I hope this helps. I sense however the differential equations are a little above you, which is why I have avoided (as much as I can) their discussion.
A: I write this because it is too long for a comment
Situation
You are putting $k$ watts (=joules/second) of kinetic energy into a body. We will show the acceleration decreases with time. 
$$E=\frac{1}{2}mv^2$$ so $$v=\sqrt{\frac{2E}{m}}$$ so $$\frac{dv}{dt}=\frac{m}{\sqrt{\frac{2E}m}}\cdot\frac{de}{dt}$$
(I can't be bothered to tidy this up - remember I'm from maths!
Now
Assume $m$ is constant, and $\frac{de}{dt}$ is also constant (call it $k$) (so you are putting in so many watts (=joules/second) of energy).

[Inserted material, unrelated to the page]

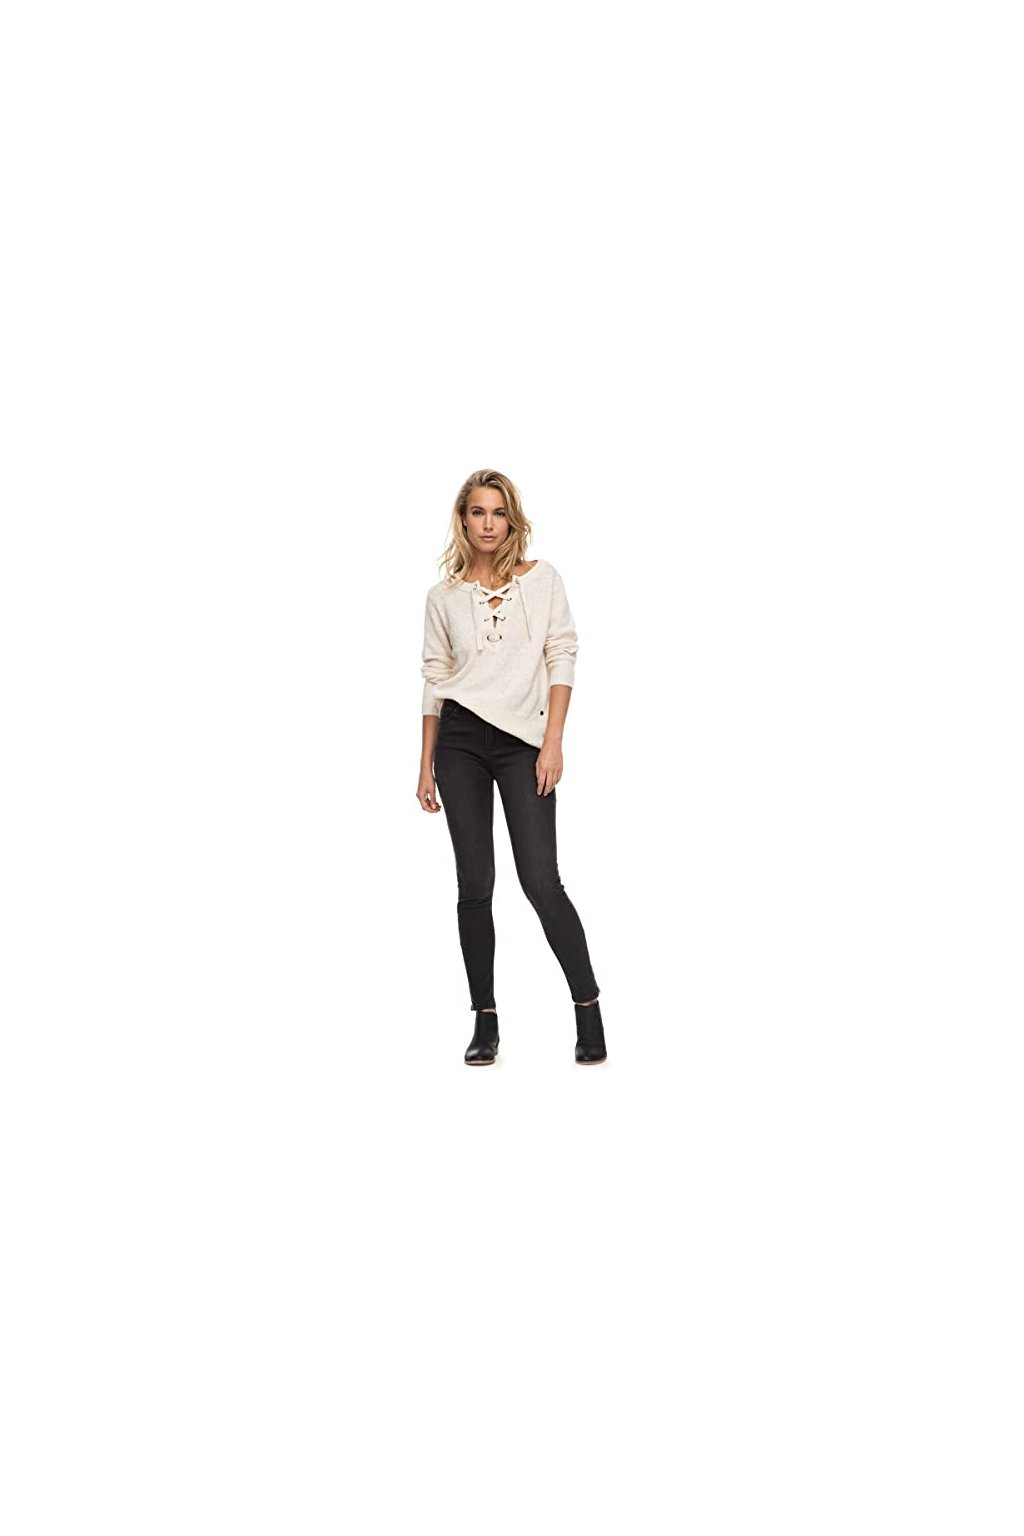 Dámské kalhoty Roxy ERJDP03168

Then $E=tk$ (because it's going up at a constant rate), thus we have:
$$\frac{dv}{dt}=\frac{mk}{\sqrt{\frac{2kt}m}}$$
You can see that as time goes on, $\frac{dv}{dt}$ becomes smaller and smaller. However it still tends towards infinity.
Proof
As you know, I do maths, so I cannot be bothered to simplify this, however I am sure we can both agree it's of the form:
$$\frac{dv}{dt}=\frac{c}{t}$$ for some $c$ that I am too lazy to come up with.
This is easy to solve:
We have: $dv=c\frac{1}{t}dt$, so $\int dv=c\frac{1}{t}dt$
evaluating we see $v+C=c\ln|t|$ where $C$ is an abitrary constant, note $t\ge 0$ so we can write $\ln(t)$
We are left with $v=c\ln(t)-C$
It is well known that $$\lim_{t\rightarrow+\infty}(\ln(t))=+\infty$$
So there really is no "terminal velocity" (ignoring relativity of course)
A: I'll just answer the part of your question about terminal velocity (better to call it terminal speed...).
The terminal speed of a falling object is not caused by anything special about gravity.  It is caused by the fact that for an object falling straight down there are two main forces acting on it:


*

*gravity (which points down as is constant to a good approximation)

*a drag force exerted by the air which points up and depends on speed
Under most circumstances the drag force is approximately proportional to the speed of the object squared.  So Newton's 2nd law for the falling object is (using up as positive)
$ma = -mg + C v^2$
where $C$ depends on the shape of the object, the cross-sectional area of the object and the density of the air.  Notice that at low speed we get
$ma = -mg$
so $a$ points down and $|a| = g$ independent of the mass.  But as $v$ gets large the magnitude of acceleration decreases.  The acceleration goes asymptotically to zero as
$v \rightarrow \sqrt{\frac{mg}{C}}$
So this limiting speed is called the terminal speed.
Now there is nothing special about gravity here.  Any time we have some combination of constant forces and a speed dependent force that act in opposite directions we can get a terminal speed.  So for an object falling through water there is gravity (constant, down) buoyancy (constant, up) and a drag (up, varies approximately linearly with speed).  So we can again get a terminal speed, but it comes out differently from what I did above.  For a rocket car we have thrust (approximately constant, forward), rolling friction (approximately constant, back) and drag (back, proportional to $v^2$) and again there will be a terminal speed.
So if you could arrange for a constant magnetic force pulling an object through  fluid this would result in a terminal speed because of the "competition" between the magnetic force and the fluid drag.